**DIRECTIONS**
Only one stretch of the data below is wanted: the lines starting at the one with "花嫁のための花内の20件の結婚式のヘアスタイル in 2020" and ending at the one with "Anabela Abotinada Bege", both included, given again exactly.

**DATA SHOWN**
^^^^^^^^^^^^^^^^
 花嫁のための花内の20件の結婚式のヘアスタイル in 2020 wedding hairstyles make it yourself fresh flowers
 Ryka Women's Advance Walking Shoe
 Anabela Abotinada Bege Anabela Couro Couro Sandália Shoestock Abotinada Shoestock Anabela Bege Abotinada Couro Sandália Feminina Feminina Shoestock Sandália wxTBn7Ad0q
^^^^^^^^^^^^^^^^
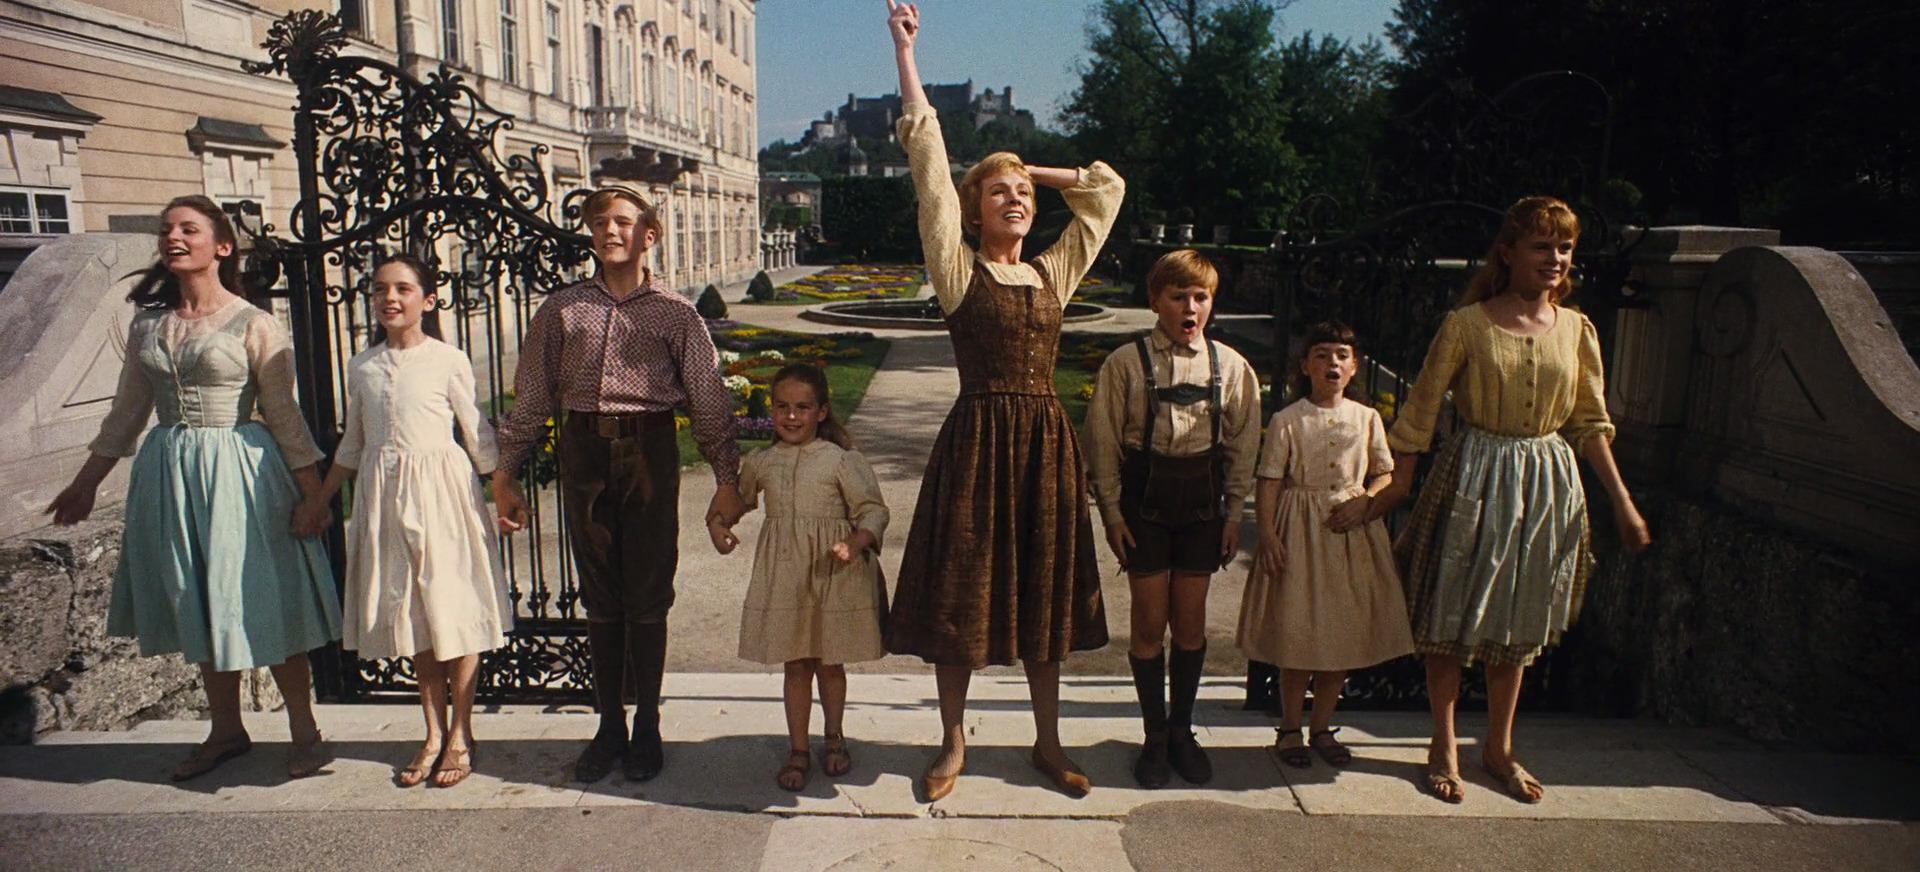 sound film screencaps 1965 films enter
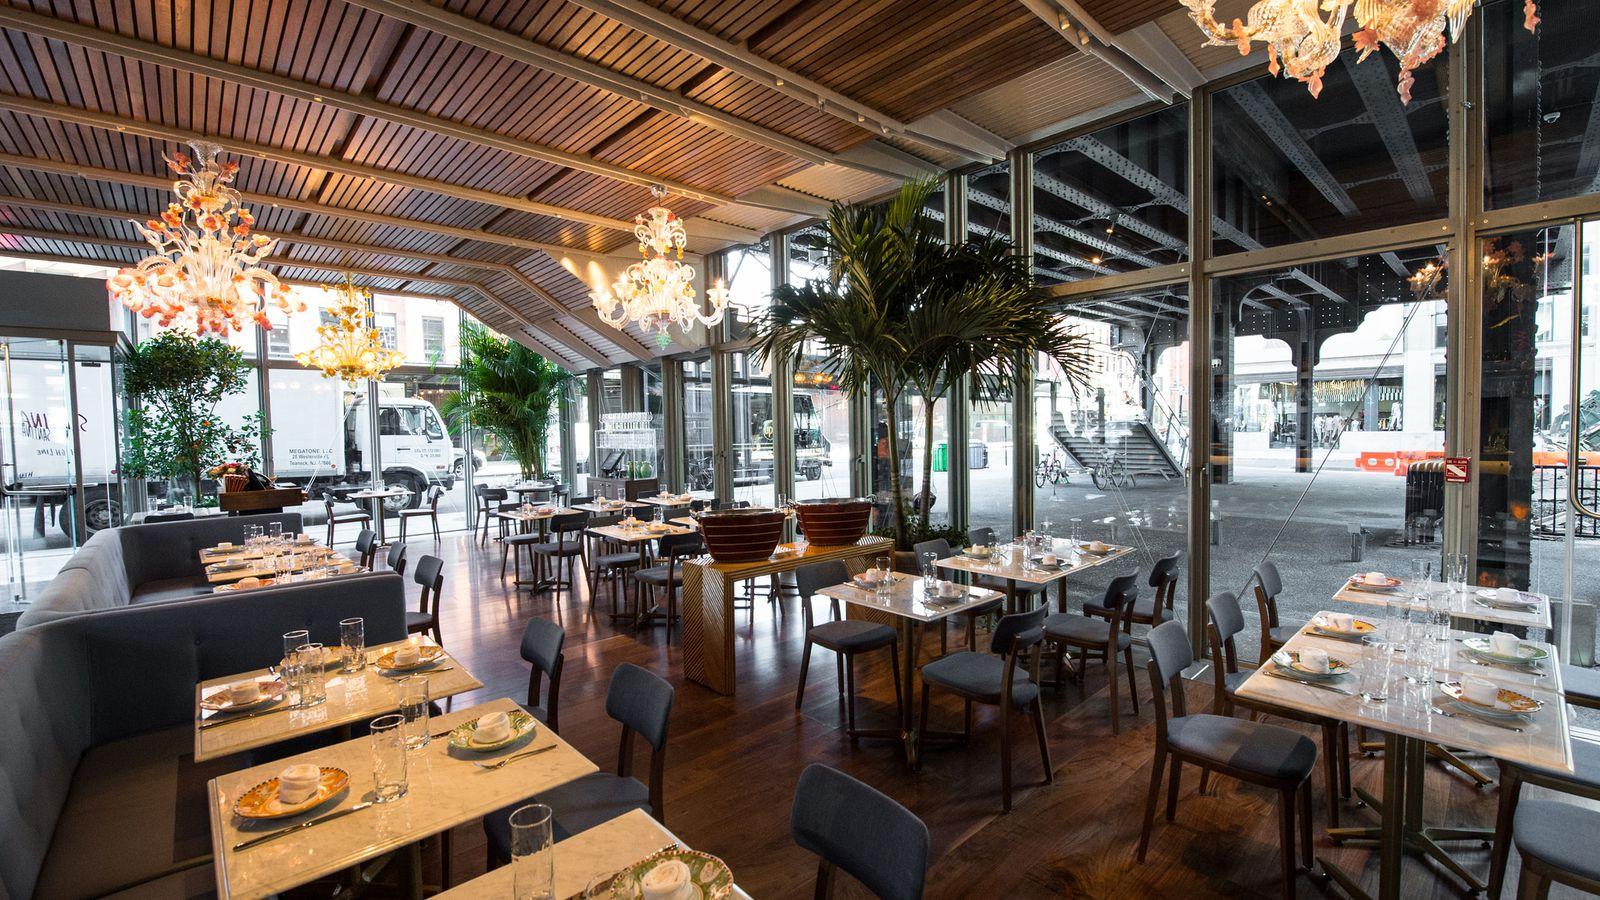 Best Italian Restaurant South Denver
^^^^^^^^^^^^^^^^
**TASK RESPONSE**
 花嫁のための花内の20件の結婚式のヘアスタイル in 2020 wedding hairstyles make it yourself fresh flowers
 Ryka Women's Advance Walking Shoe
 Anabela Abotinada Bege Anabela Couro Couro Sandália Shoestock Abotinada Shoestock Anabela Bege Abotinada Couro Sandália Feminina Feminina Shoestock Sandália wxTBn7Ad0q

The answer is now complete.